With respect to the properties of the sequences surrounding polyQ tracts, it is interesting to note that in a recent computational study polyQ tracts were associated to the presence of disordered regions (60). Indeed, we could confirm a significant enrichment of disordered regions [as predicted by the tool RONN (61)] nearby polyQ compared to all human proteins, though this was smaller than the one found for coiled-coil regions (3.3-fold versus 6-fold, data not shown).

In summary, our results lead to the following general picture of the function of polyQ: its activity as a motif for protein interaction is tightly related to the length of the polyQ tract itself, the character of the sequences adjacent to it and to the concentration of interacting protein partners. We assume that the normal interplay of all these elements would lead to an enhanced, highly stable and specific interaction. However, the complexity of this system also suggests that small perturbations could lead to pathological interactions either with altered affinities or with different partners.

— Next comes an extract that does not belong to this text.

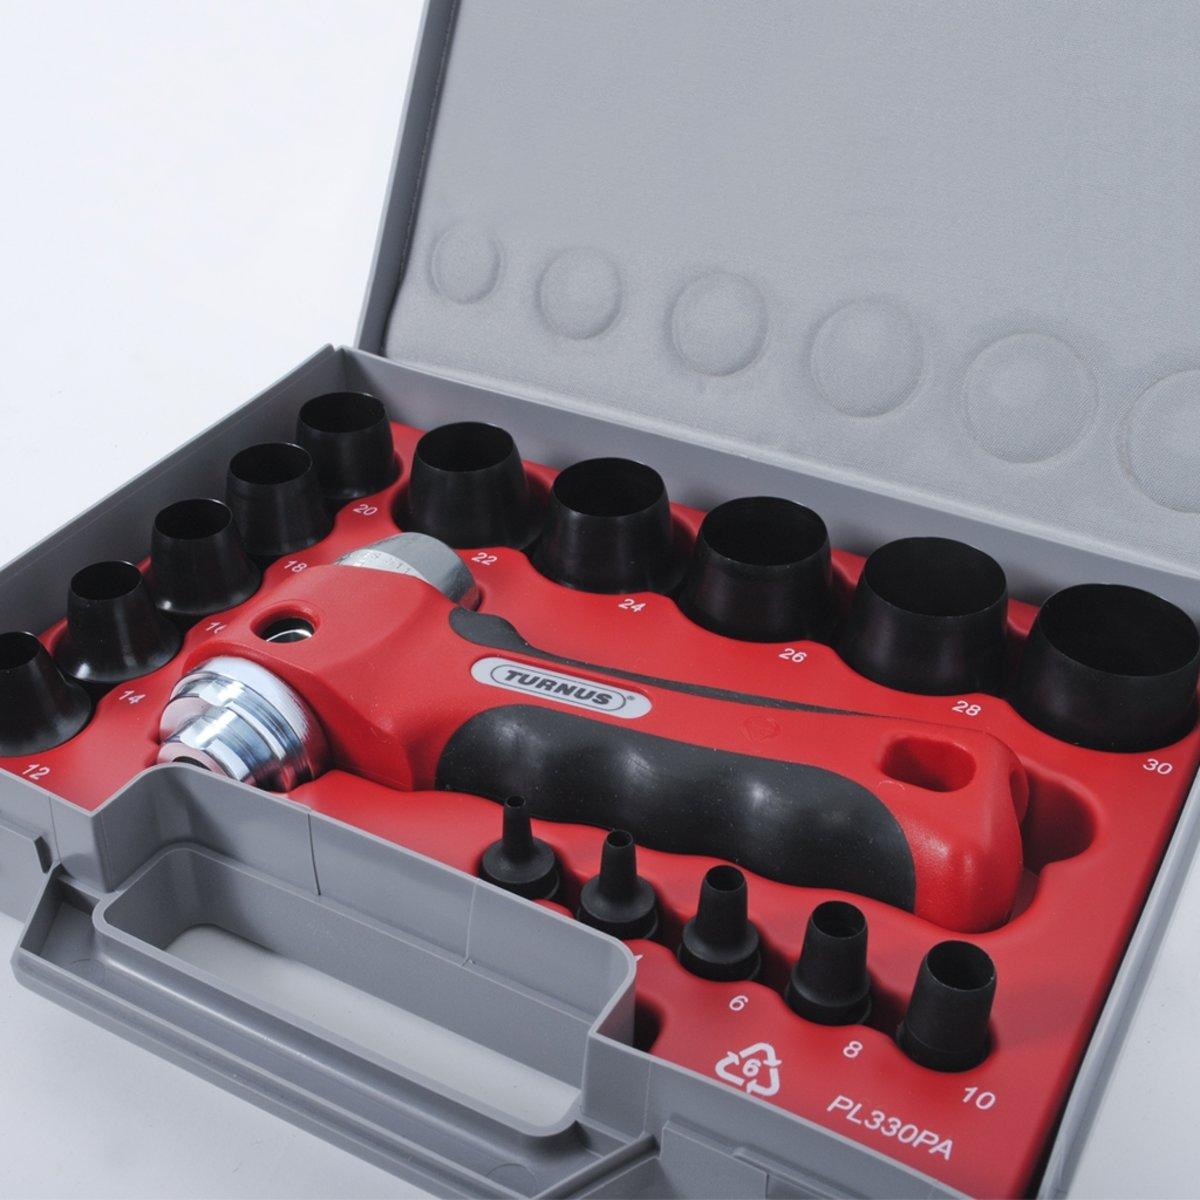 Holpijpset Turnus 326-330 3-30mm 15dlg kopen

The complex interaction of factors influencing the function of polyQ tracts perhaps explains why so many processes have been found to contribute to the pathomechanism of polyQ diseases including transcriptional dysregulation (62), RNA toxicity (63), impairment of the ubiquitin-proteasome system (64–66), mitochondrial dysfunction (67) and disturbed calcium signaling (68).

Our results also suggest that a given species may accumulate an abundance of polyQ proteins to modulate many protein interactions. However, this may come at no small expense: protein networks with abundant polyQ proteins may be in a delicate balance in which aggregation can occur depending on the concentration of many molecules. This balance might be lost in specific tissues and circumstances as mechanisms to keep protein aggregates in check get challenged in ageing cells [as it has been observed in C. elegans (69)]. This may explain why neurons of the elderly are particular prone to anomalous polyQ expansion and in turn neurodegeneration.

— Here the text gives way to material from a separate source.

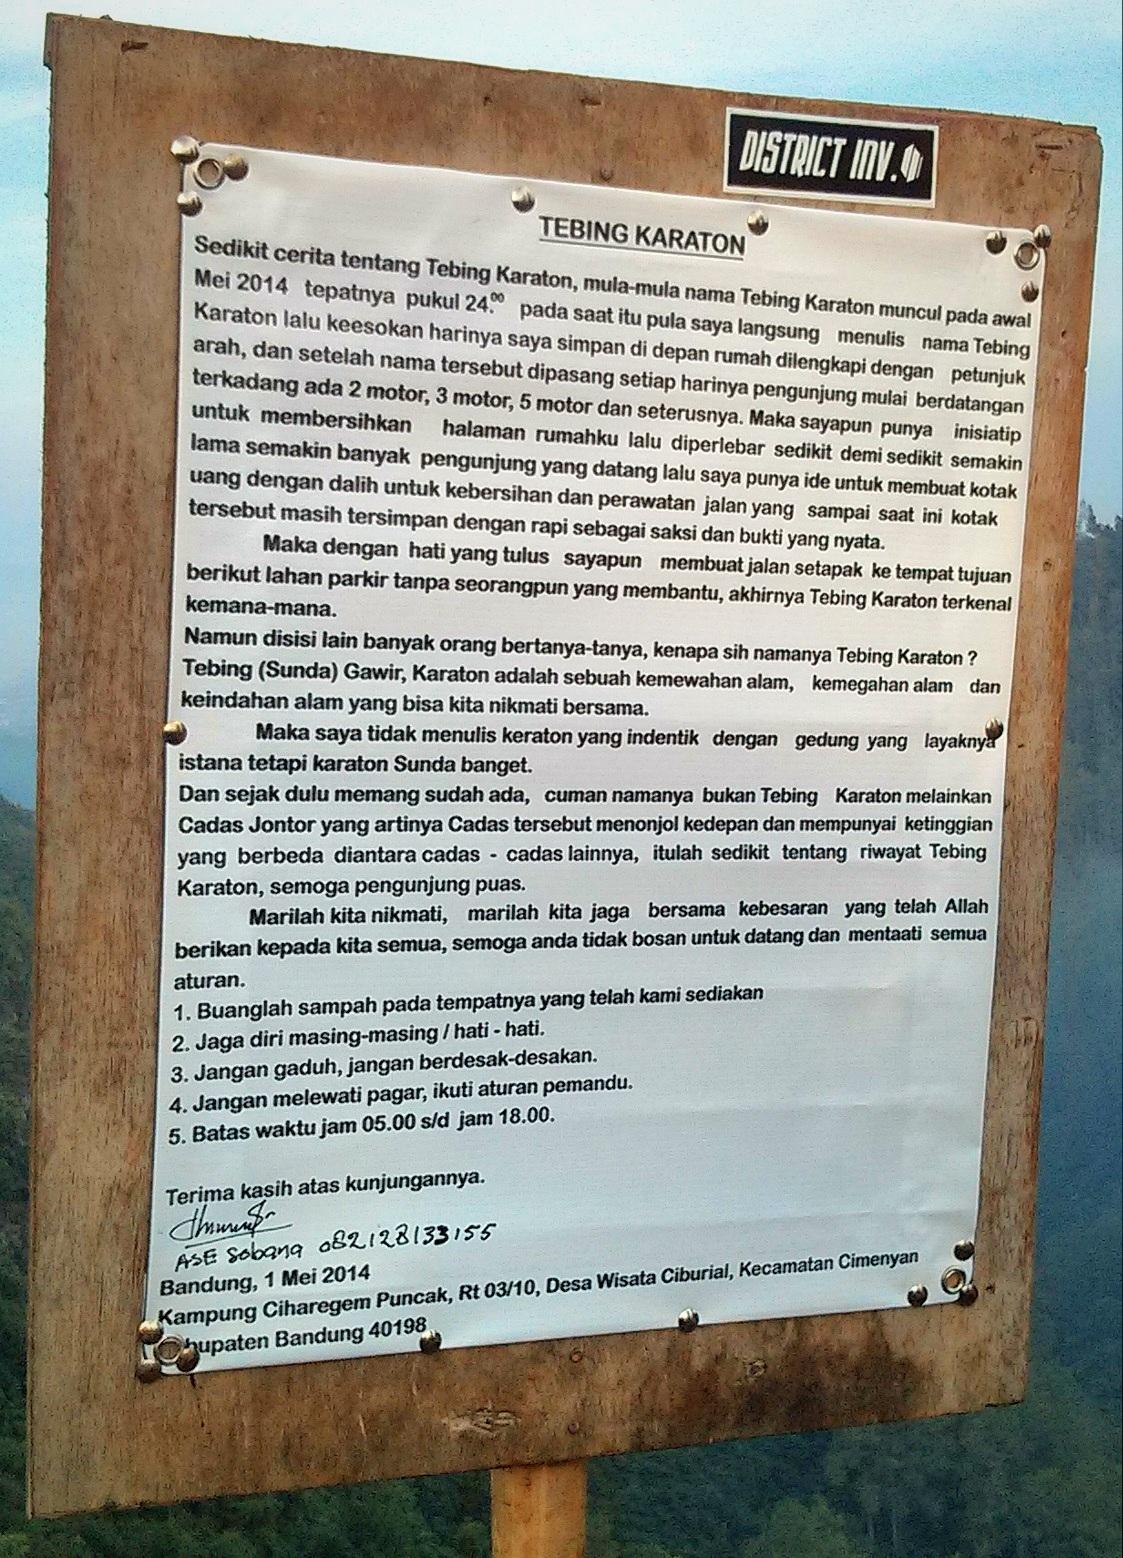 Cerita asal mula nama Tebing Karaton

We suggest that the study of the function of wild-type and pathogenic polyQ proteins will require experiments to test the variation in functionality that removing or expanding particular polyQ stretches will produce. Specifically, it needs to be investigated how these modifications influence the interaction abilities of the polyQ protein. Gain or loss of interactions with other proteins with coiled-coil regions and polyQ should be paid special attention. Explaining and predicting the effects of polyQ tracts will require elaborate analysis for each particular situation. The recent analysis of SCA1, where dramatic differences in the effects of the pathogenic protein were observed between brain regions (70), supports this idea.

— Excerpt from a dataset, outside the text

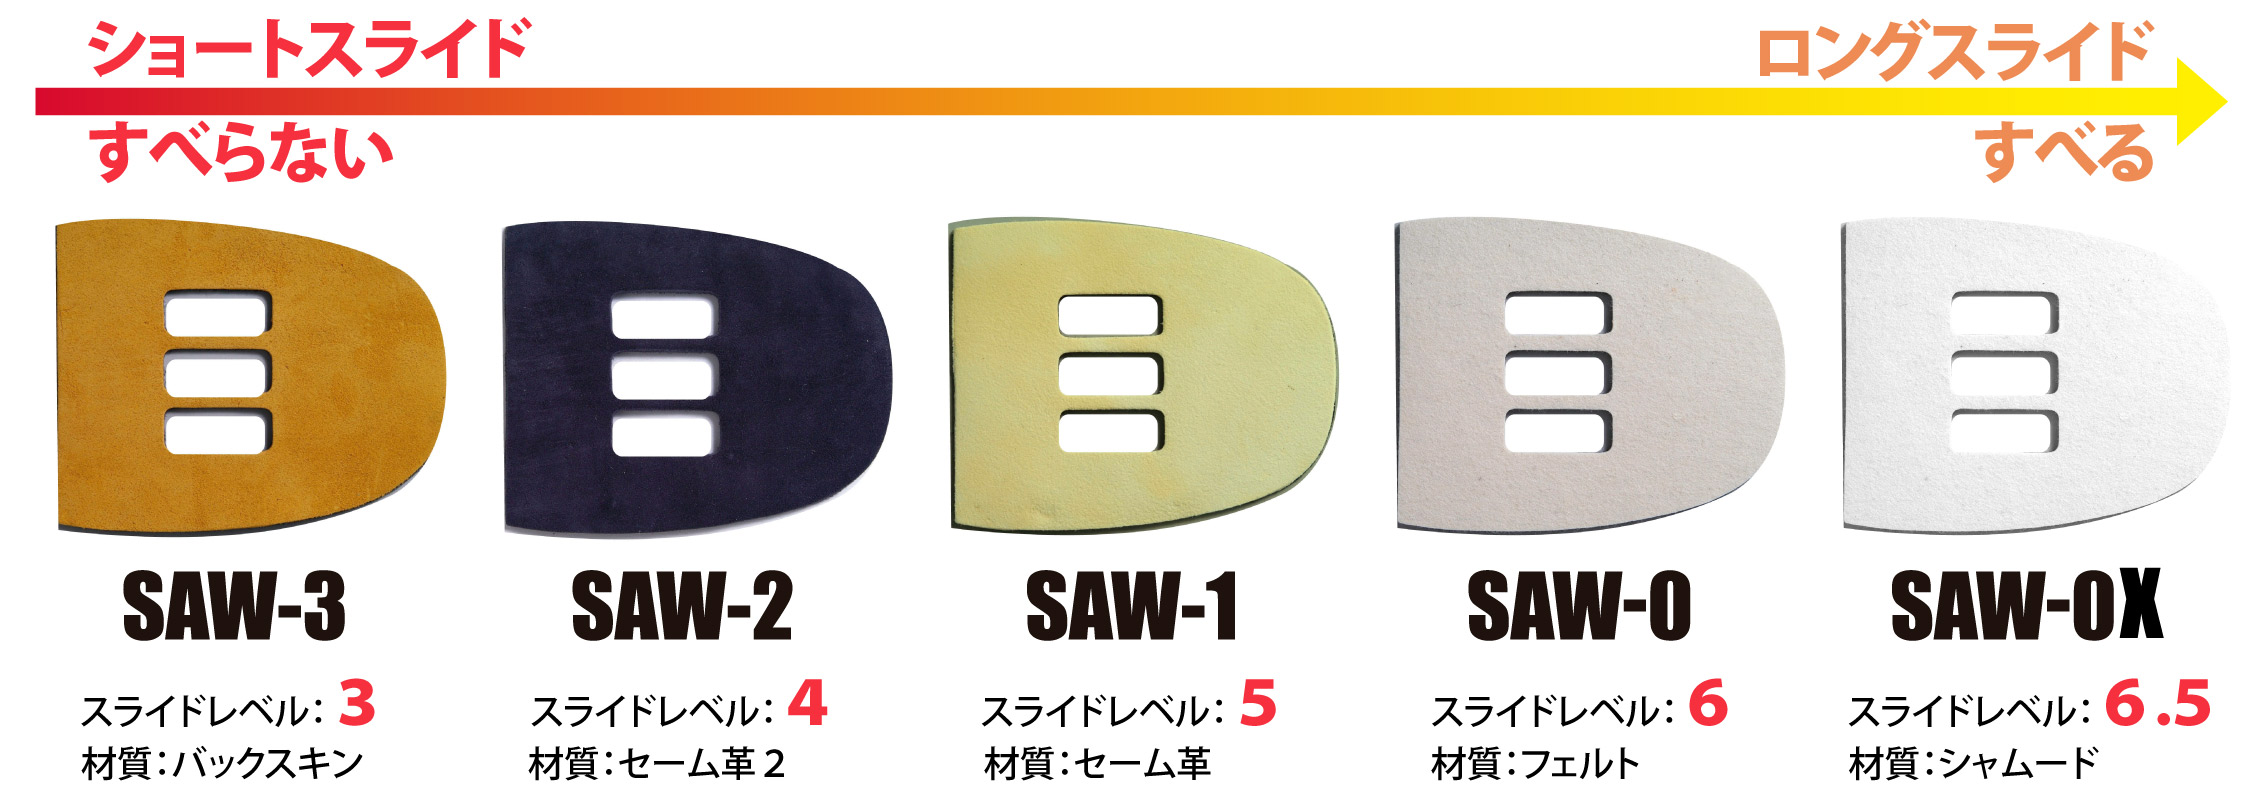 スライドソール SAW-2

In conclusion, our work has approached the study of CAG/glutamine repeats integrating analyses at the nucleotide and protein level with phylogenetic data, genomic analyses and studies of protein interaction networks. The wild-type function of polyQ tracts is to modulate protein interactions in dependency of their molecular context. Therefore, their study will require correlating modification of this context to modifications in the protein interaction network.

SUPPLEMENTARY DATA

Supplementary Data are available at NAR Online: Supplementary Tables 1–5, Supplementary Figure 1 and Supplementary Methods.

FUNDING

Program of medical genome research NGFNp by the German Ministry of Education and Research (BMBF) (reference numbers 01GS08169-171 and 01GS0844 to E.E.W. and 01GS08170 to M.A. A.-N.), DFG Collaborative Research Centre grants (SFB577, SFB740 to E.E.W; SFB618 to E.E.W. and M.A. A.-N.), Helmholtz Alliance for Systems Biology grant to E.E.W and M.A. A.-N., Huntington's Disease Society of America (HDSA) and Cure Huntington's Disease Initiative (CHDI) grants to E.E.W. Funding for open access charge: Max Delbrück Center for Molecular Medicine.

Conflict of interest statement. None declared.